The statistically significant adjusted mean improvement in symptom scores (IPSS) from baseline was maintained from years 2-4. At 4 years, the adjusted mean improvements in symptom scores observed were -6.3 units for combination therapy, -5.3 units for Avodart monotherapy and -3.8 units for tamsulosin monotherapy.
After 4 years of treatment, the adjusted mean improvement in flow rate (Q_max) from baseline was 2.4 mL/sec for combination therapy, 2 mL/sec for Avodart monotherapy and 0.7 mL/sec for tamsulosin monotherapy. Compared with tamsulosin, the adjusted mean improvement from baseline in Q_max was statistically significantly greater with combination therapy at each 6-month assessment from months 6-48 (p<0.001). Compared with Avodart, the adjusted mean improvement from baseline in Q_max was not statistically significantly different than with combination therapy (p=0.05 at month 48).
Combination therapy was significantly superior (p<0.001) to tamsulosin monotherapy and to Avodart monotherapy for the improvement in health outcome parameters BII and BPH-related Health Status (BHS) at 4 years. The adjusted mean improvement in BII from baseline was -2.2 units for the combination, -1.8 for Avodart and -1.2 for tamsulosin. The adjusted mean improvement in BHS from baseline was -1.5 units for the combination, -1.3 for Avodart and -1.1 for tamsulosin.
The reduction in total prostate volume and transition zone volume after 4 years of treatment was statistically significant for combination therapy compared to tamsulosin monotherapy alone.
Cardiac Failure: In a 4-year comparison of Avodart co-administered with tamsulosin and dutasteride or tamsulosin monotherapy in men with BPH [combination of Avodart and tamsulosin (CombAT) study], the incidence of the composite term cardiac failure in the combination group (14/1610, 0.9%) was higher than in either monotherapy group: Avodart, 4/1623 (0.2%) and tamsulosin, 10/1611 (0.6%). The relative risk estimate for time to 1st cardiac failure event was 3.57 (95% CI 1.17, 10.8) for combination treatment compared to Avodart monotherapy and 1.36 (95% CI 0.61, 3.07) compared to tamsulosin monotherapy. No causal relationship between Avodart (alone or in combination with an α-blocker) and cardiac failure has been established (see Precautions).
In a 4-year comparison of placebo and Avodart in 8231 men aged 50-75, with a prior negative biopsy for prostate cancer and baseline PSA between 2.5 ng/mL and 10 ng/mL (the REDUCE study), there was a higher incidence of the composite term cardiac failure in subjects taking Avodart (30/4105, 0.7%) versus placebo (16/4126, 0.4%) for a relative risk estimate for time to 1st cardiac failure event of 1.91 (95% CI 1.04, 3.5). In a post-hoc analysis of concomitant α-blocker use, there was a higher incidence of the composite term cardiac failure in subjects taking Avodart and an α-blocker concomitantly (12/1152, 1%), compared to subjects not taking Avodart and an α-blocker concomitantly: Avodart and no α-blocker (18/2953, 0.6%), placebo and an α-blocker (1/1399, <0.1%), placebo and no α-blocker (15/2727, 0.6%). No causal relationship between Avodart (alone or in combination with an α-blocker) and cardiac failure has been established (see Precautions).

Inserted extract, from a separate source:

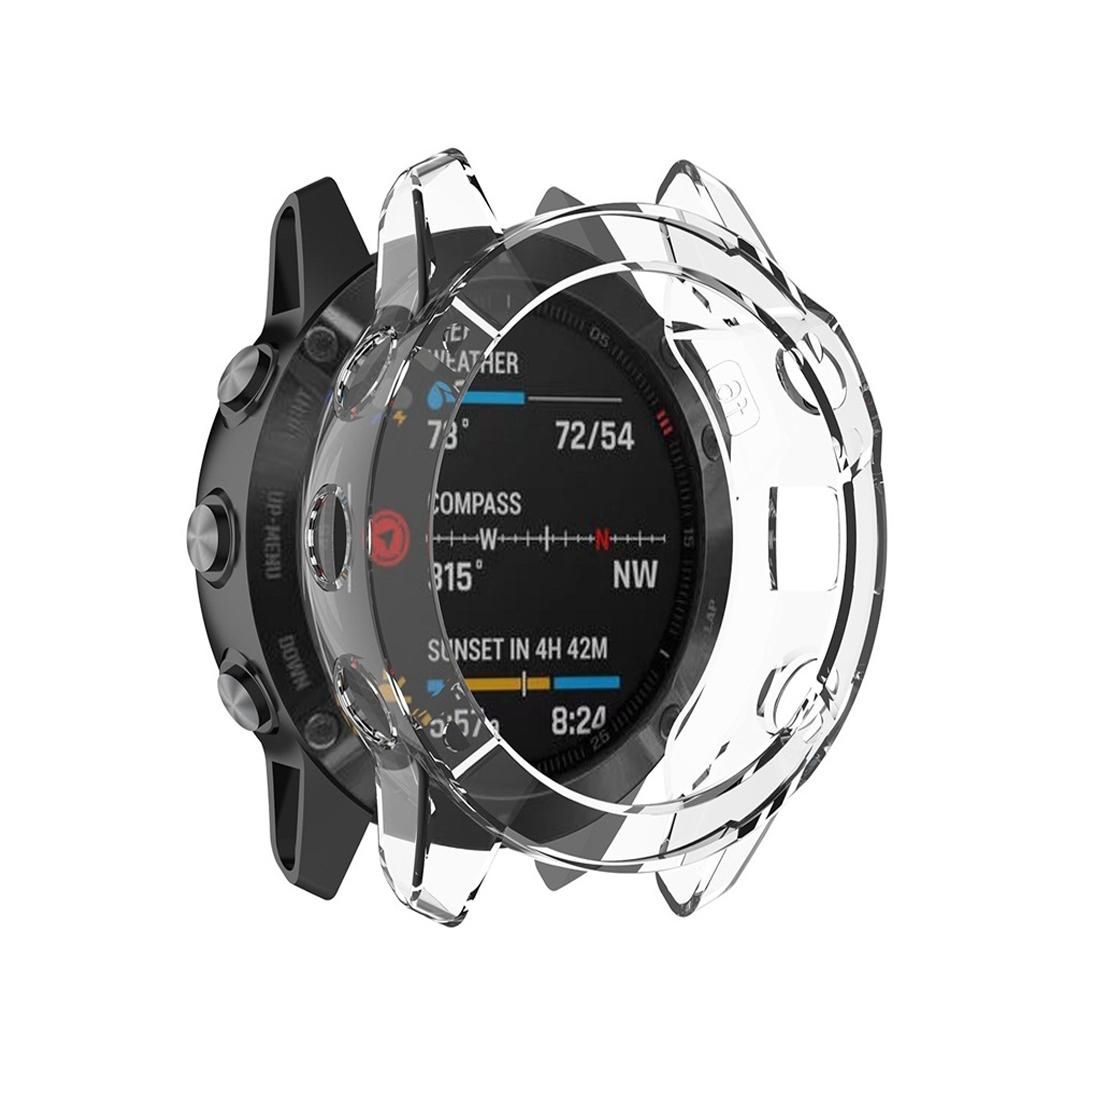 For Garmin Fenix 6 TPU Half Coverage Smart Watch Protevtice Case (White)
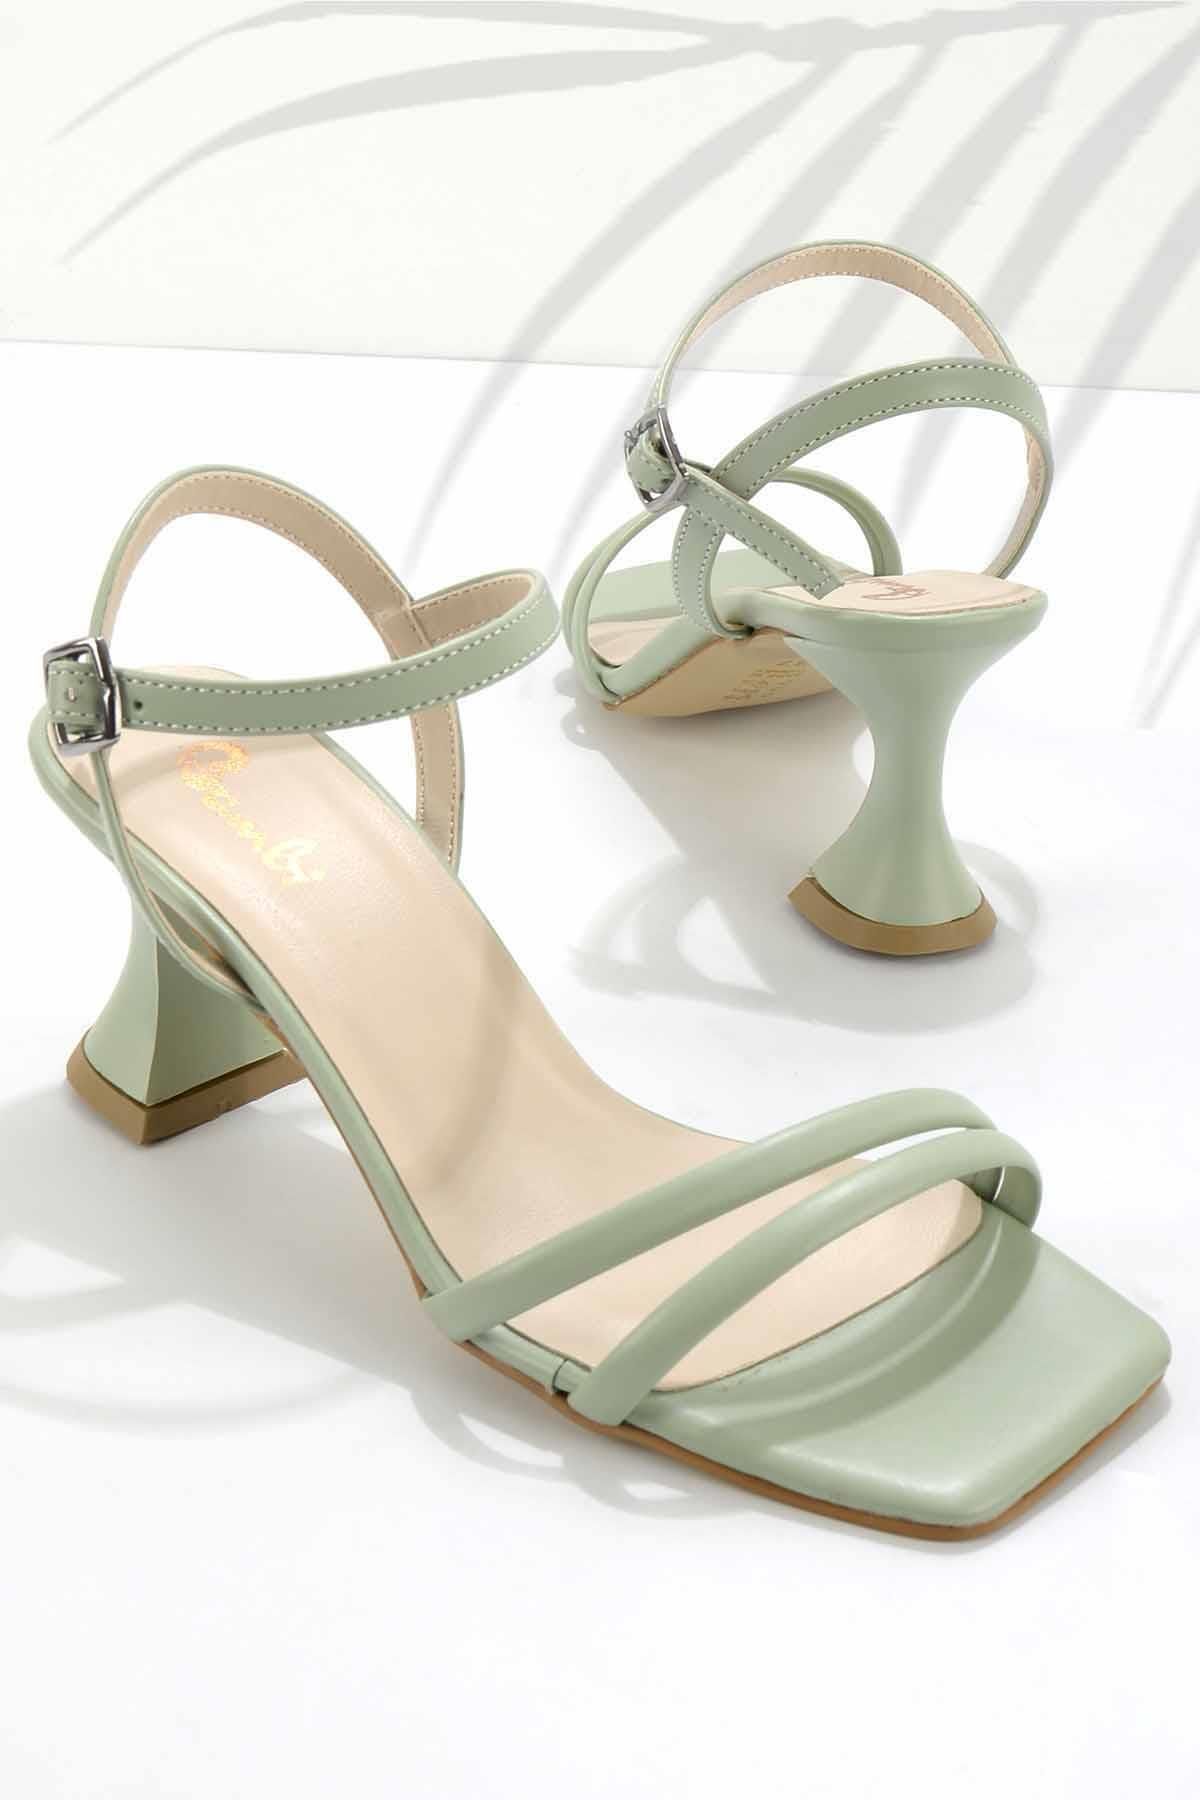 Bambi Su Yeşili Kadın Klasik Topuklu Ayakkabı K05124010309

Prostate Cancer and High Grade Tumours: In a 4-year comparison of placebo and Avodart in 8231 men aged 50-75, with a prior negative biopsy for prostate cancer and baseline PSA between 2.5 ng/mL and 10 ng/mL (the REDUCE study), 6706 subjects had prostate needle biopsy data available for analysis to determine Gleason Scores. There were 1517 subjects diagnosed with prostate cancer in the study. The majority of biopsy-detectable prostate cancers in both treatment groups were diagnosed as low grade (Gleason 5-6). There was no difference in the incidence of Gleason 7-10 cancers (p=0.81).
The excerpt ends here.